Over the next month, we call the family two more times, sure that he will not make it but he does each time. Not only did the guy survive, but the guy also walked out of the hospital without aid. What was that? Was that a miracle or was that the edge of science? I don't know.

It’s like the twilight zone.

Self-resolving. I mean medicine is about keeping someone going until the body heals itself. So somewhere around, his own body started to heal itself. But what is that? Is that a miracle of God? Or as I said, is that the end of science as we know it? I don't know.

Do you find that you understand death more now?

I understand death less now. Physics said energy is never lost, it just changes from one form to the other. So does that make the idea of reincarnation a perfect concept because you never really go away, you just come back in a different form? Or do we go to heaven? And even that it’s not even to do with religion.

I think by the time I was a child I realised there are different versions of heaven depending on your culture. So as a Kalenjin, mine has a lot of cows and for somebody else, maybe for you it has a lot of fish, I don't know. (Chuckles) I think what it does is that you realise that you don't have to know everything.

Do you always wonder if you can be more than one thing in life? Like perhaps you can be a good carpenter on top of being a good neurosurgeon?

I think one of the ideas of modern time is the idea that your identity is singular. But it’s not. I think as African women we always knew that we were going to change our identity. When you’re a young girl, you’re told one day you’re going to be a wife, a mother, then you’re going to join which community. So what you learn is your identity is not fixed. And then more than ever, today’s world calls for people to be less dogmatic about the identities that they hold, whether it’s on their careers or their cultures and stuff like that. I think we should allow people to enjoy little pockets of themselves.

What do you find to be very dominant in this season of your life?

Change. It’s a time when everything is just changing. I mean I’ve changed countries, I’ve changed jobs, making a new social circle, I’m finding a new language. I’m realising, for example, the western education that I received is not directly translatable to Africa. Things like the concept of time. We don’t have 60 minutes in African time. (Laughs) Even the very idea of what success is has changed for me.

I'm not ticklish under my feet. Is there something wrong with my nervous system?

(Laughs) No, you were just made that way.

Are you ticklish under your feet?

(Chuckles) That’s top secret. Areas of vulnerability.

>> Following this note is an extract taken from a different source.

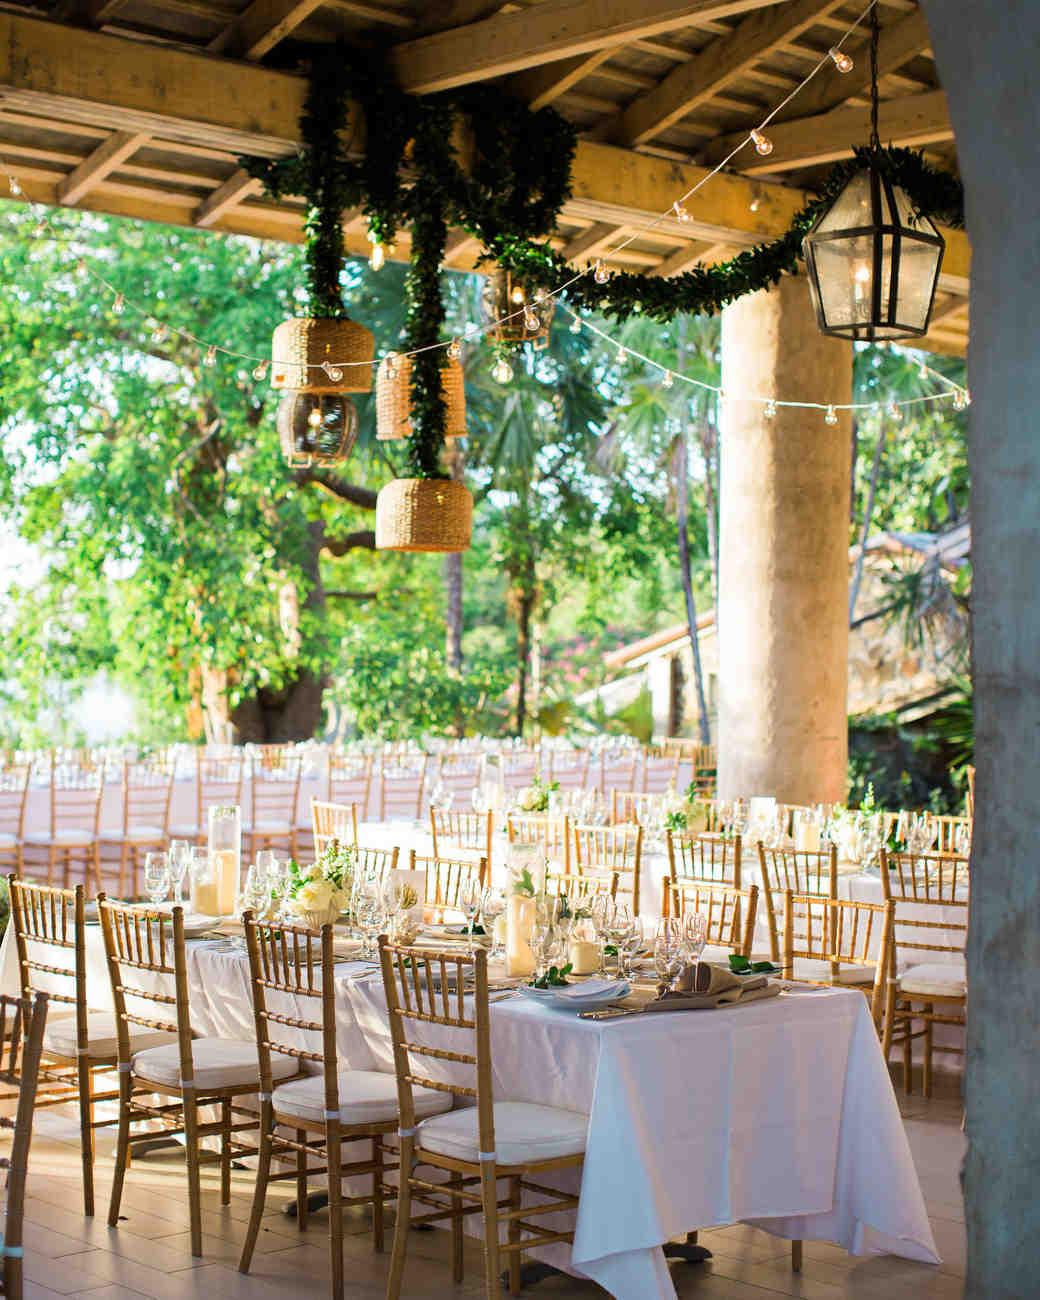 sophie-adam-wedding-reception-rp14-6238580-0117

What question are you trying to answer now in your life?

(Long pause) I think professionally I’m trying to figure out what my next 10 to 15 years will look like. I’m not going to have the same career I would have had if I was in Europe. But I think the most fascinating thing about coming back to Africa is that the average age in our continent is 19. Which means Africa is a teenager. Teenagers are all about possibilities. It means that I have no idea five years from now how my career is going to be.

Are you married?

No.

Children?

No.

Cat?

No.

Dog?

Yes. Just a new one.

Tell me about the dog.

The dog? She’s sassy. She’s six months which means she’s a teenager too in dog terms. And I like coming home to her because I suppose it’s not like having children but it’s about the distractions of life. Whatever I did at work doesn’t matter. I’m going to do something that will make her wag her tail and jump at me. Life is much simpler with a dog. For me, it’s quite nice having a dog. I spent all the time I was abroad, my life was too unstructured to allow me to have a pet, and I've always wanted a pet.

When was the last time you were very unkind to yourself?

(Long pause) I think in my 20s and early 30s. When you’re trying to do it all. You want to keep this spick and span home, you want to be the best at work, and you want to do whatever... and effectively my body shut down. I had to stop and re-evaluate what I was doing. I realised that it didn’t matter so much, that I didn’t have to be so perfect about everything.